Furthermore, while the triaging decisions necessitated by COVID-19 are extraordinary in their nature and volume, triaging itself is common. For example, eligibility for life-saving organ transplants is generally restricted. As stated by Sachs J in Soobramoney:
In all the open and democratic societies based upon dignity, freedom and equality with which I am familiar, the rationing of access to life-prolonging resources is regarded as integral to, rather than incompatible with, a human rights approach to health care.
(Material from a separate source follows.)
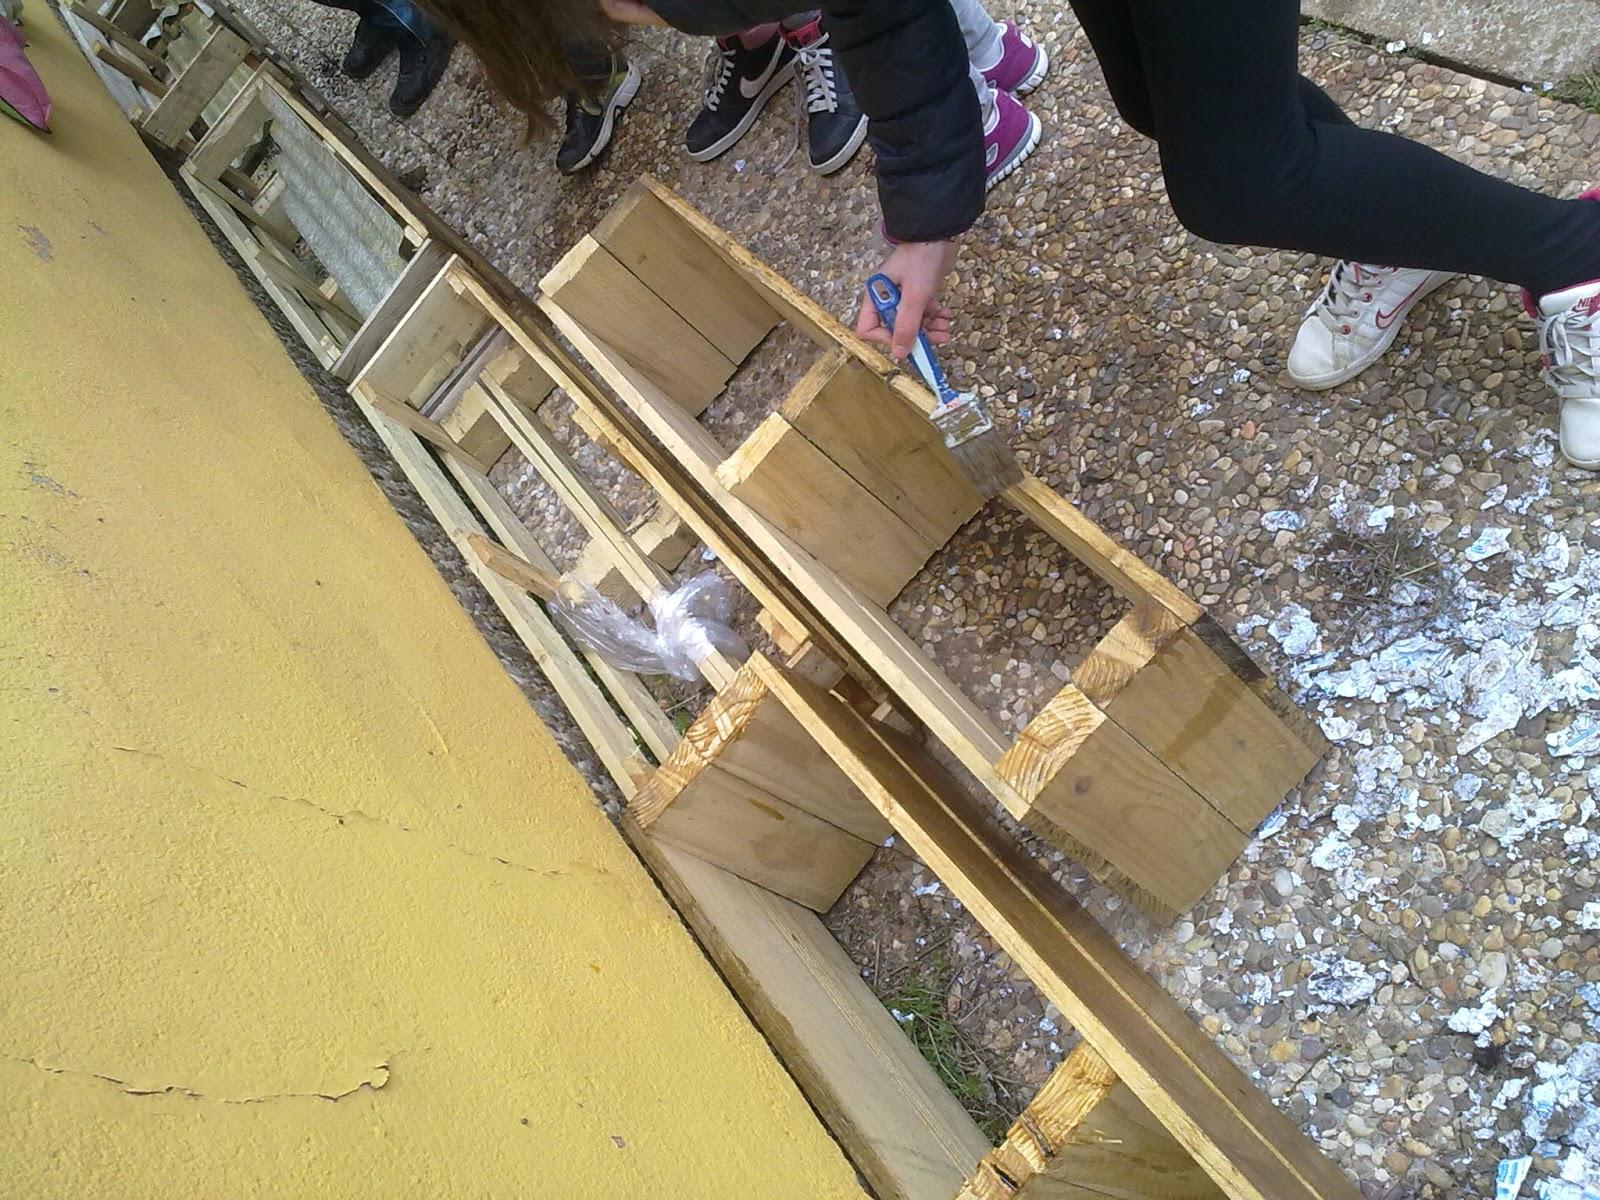 Huertogiraldo jardineras de madera - Jardinera de madera ...

However, while Soobramoney might provide guidance on the rationing of health resources, which is inevitable in many contexts, it does not itself justify governmental decisions regarding the overall availability of the relevant resources, both before and during the COVID-19 crisis. The Constitutional Court of South Africa did not investigate whether the total amount allocated for kidney dialysis in the province and the nation was reasonable, deferring to the government on that issue. A more rigorous investigation of the reasonableness of a health rationing decision would take into account not only the basis of the triaging choices, but also the overall reasonableness of the budget allocated for the rationed good or service.
Of course, another way to deal with the hospital overload is to slow the spread of the disease. Most States have taken that route of “flattening the curve”, through the implementation of extensive lockdowns. The human rights implications of those lockdowns are addressed in the next blog post.